= Mountain Language =

Theater play by Harold Pinter

First UK edition cover

Mountain Language is a four-act play written by Harold Pinter, first published in The Times Literary Supplement (TLS) on 7–13 October 1988. It was first performed at the Royal National Theatre in London on 20 October 1988 with Michael Gambon and Miranda Richardson. Subsequently, it was published by Faber and Faber (UK) and Grove Press (USA). Mountain Language lasts about 25 minutes in production. It was most recently performed as part of Theatre of Menace (2016) at the Smock Alley Theatre in Dublin, starring Alisa Belonogina, Paul Carmichael, Lana O'Kell, Jaime Peacock, Louis Tappenden and Natasha Ryan

==Background==
According to a letter from Pinter to The Times Literary Supplement, where it was first published and advertised, that publication's "advertisement ... stat[ing] that the play was 'inspired' by [Pinter's] trip to Turkey with Arthur Miller and is a "parable about torture and the fate of the Kurdish people" ... [are] ... assertions ... made without consultation with the author [Pinter]"; he continues: "The first part of the sentence [that it was inspired by Pinter's trip to Turkey with Miller] is in fact true. The play is not, however, 'about the fate of the Kurdish people' and, above all it is not intended as a 'parable'." As Grimes points out, "Pinter evidently believes his political plays are too direct to be seen as metaphors or parables" (90). As Pinter insists in that letter, the text has more universal relevance: "this play is not about the Turks and the Kurds. I mean, throughout history, many languages have been banned––the Irish have suffered, the Welsh have suffered and the Urdu and the Estonians' language banned." The dialogue does contain some identifiably contemporary British or Western cultural references, thereby showing its applicability to the Great Britain of the present, but the text of the play contains no explicit geographical place setting and no explicit time setting, rendering its setting in place and time simultaneously indeterminate and thus also broadly relevant.

==Characters==
The play involves four main characters: a Young Woman (Sara Johnson), an Elderly Woman, a Hooded Man (Charley Johnson, husband of the Young Woman) and an unnamed Prisoner (son of the Elderly Woman). These characters are in stark contrast to the Officer, Sergeant and guards of the prison where the Hooded Man and the Prisoner are captives.

==Thematic relevance of language==
Like the world of Pinter's 1984 play One for the Road, the world of this play exposes the power of language (Merritt 171–209; 275; Grimes 80–100).
Pinter's play may allude to political and cultural contexts of Great Britain in the 1980s headed by the Conservative Party of Margaret Thatcher, which, for example, forbade the television networks from broadcasting the voice of the leader of Sinn Féin, Gerry Adams.

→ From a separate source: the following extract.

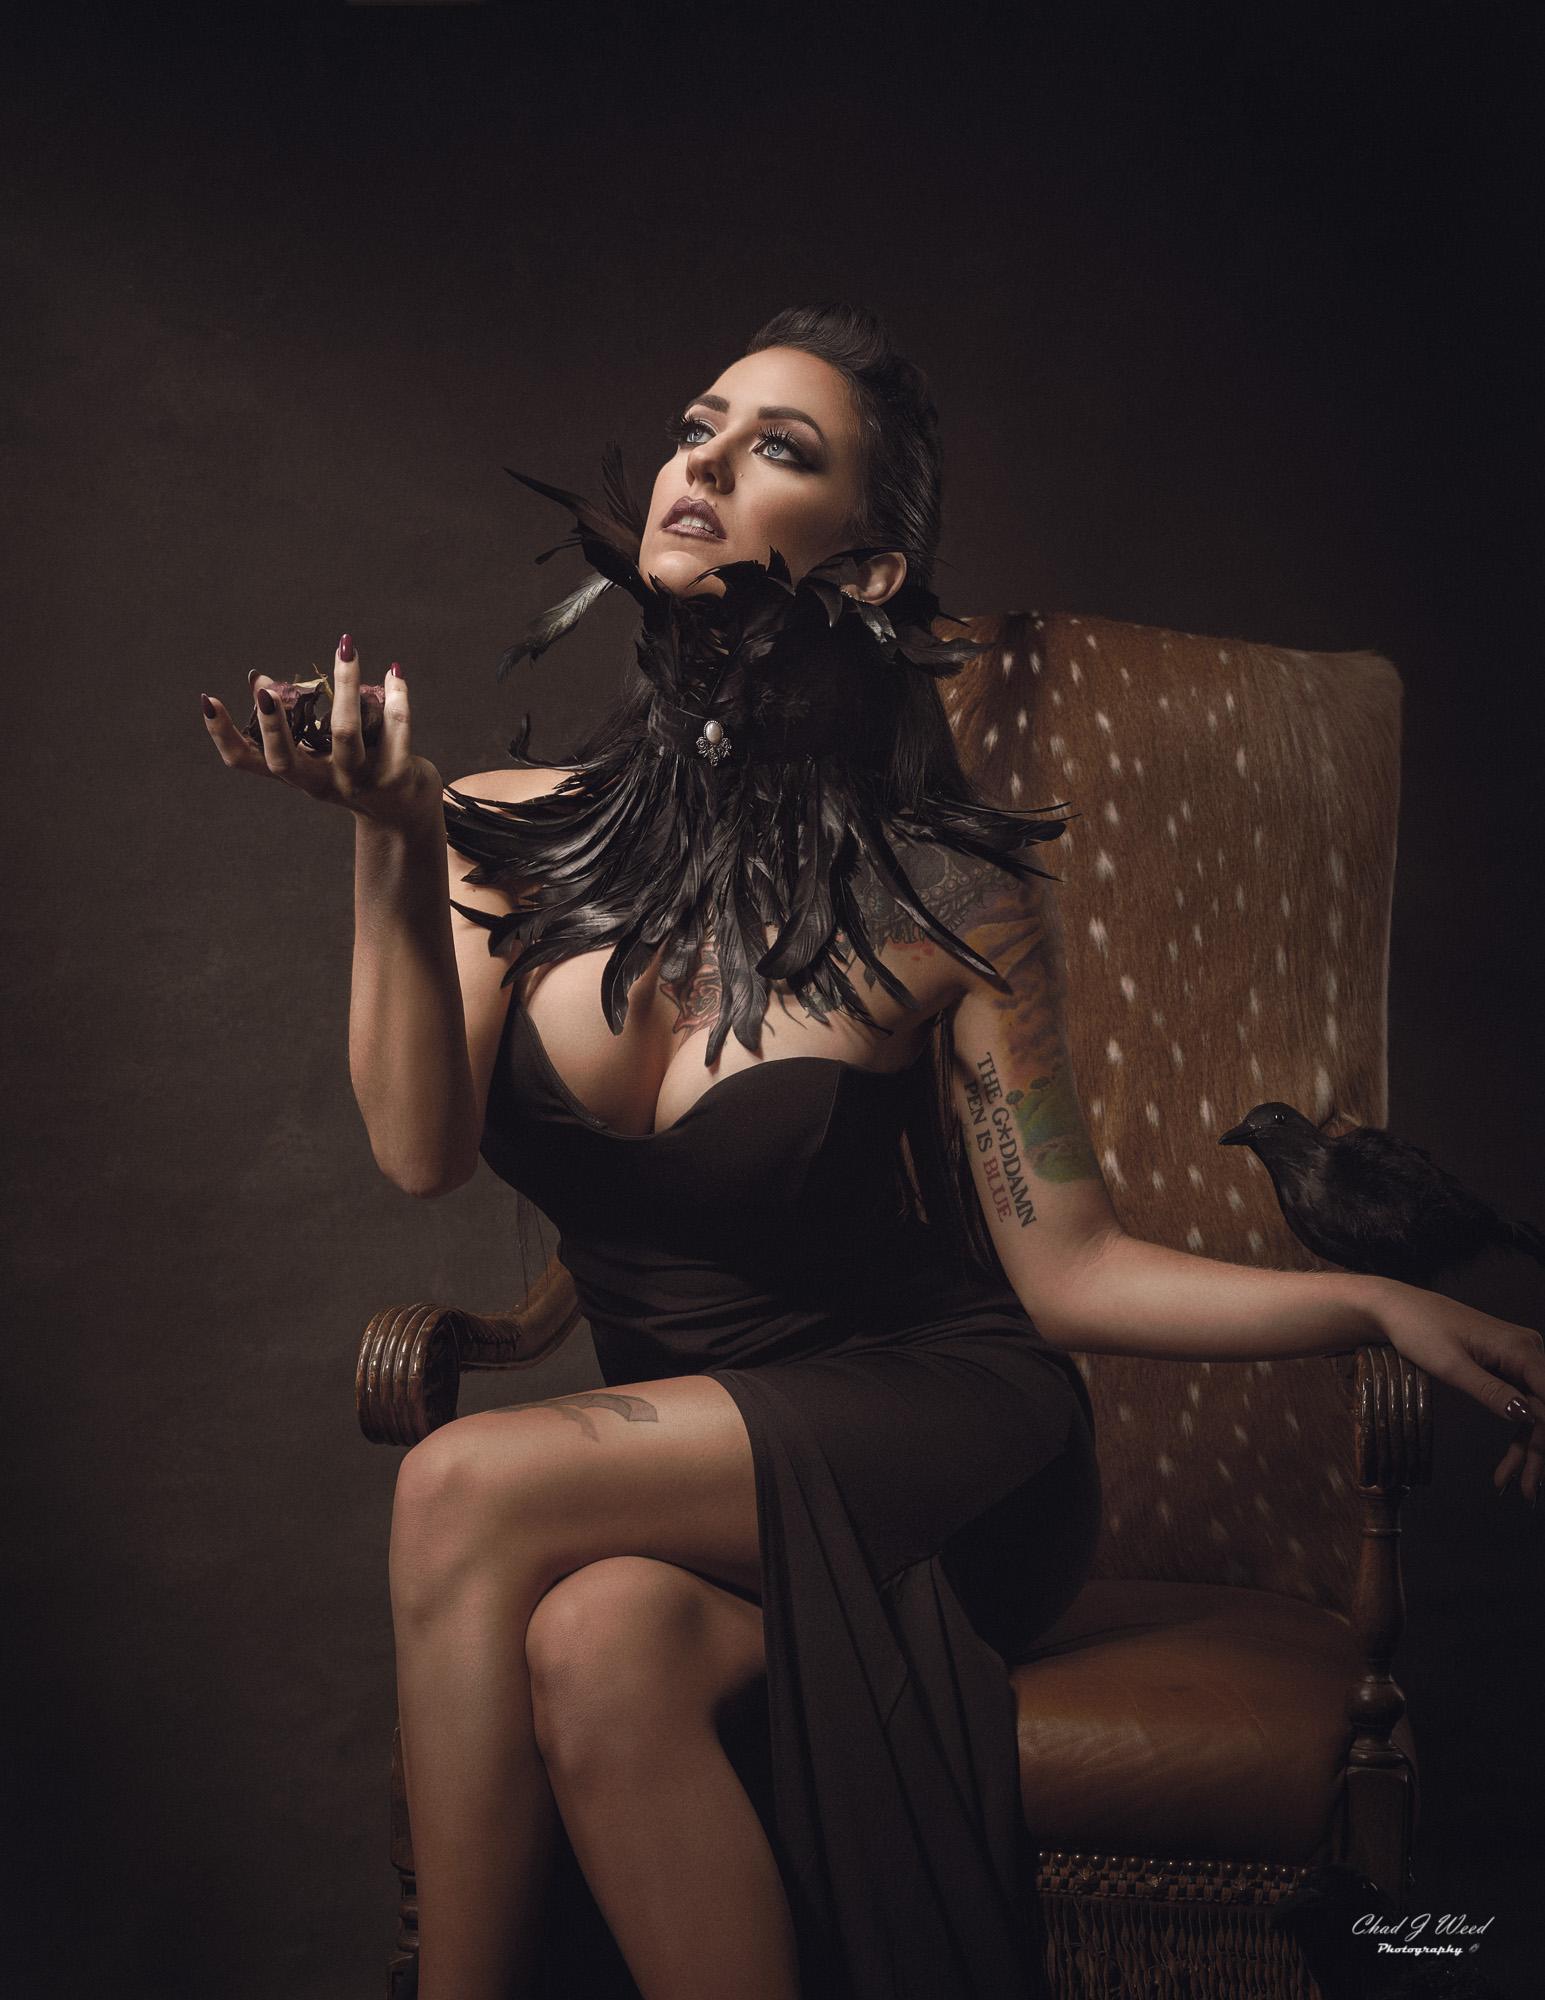 Halloween Theme with Fashion Model Lynda and Arizona Fashion Photographer Chad Weed

== Mountain Language rehearsal in Harringey, London ==
In 1996, the play Mountain Language was to be performed by Kurdish actors of the Yeni Yasam company in Harringey. The actors obtained plastic guns and military uniforms for the rehearsal. But a worried observer alarmed the police, which lead to an intervention by the police with about 50 police officers and a helicopter. The Kurdish actors were detained and forbidden to speak in Kurdish language. After a short time, the police realized they have been informed of the performance being played in Harrington, and allowed the performance to go ahead.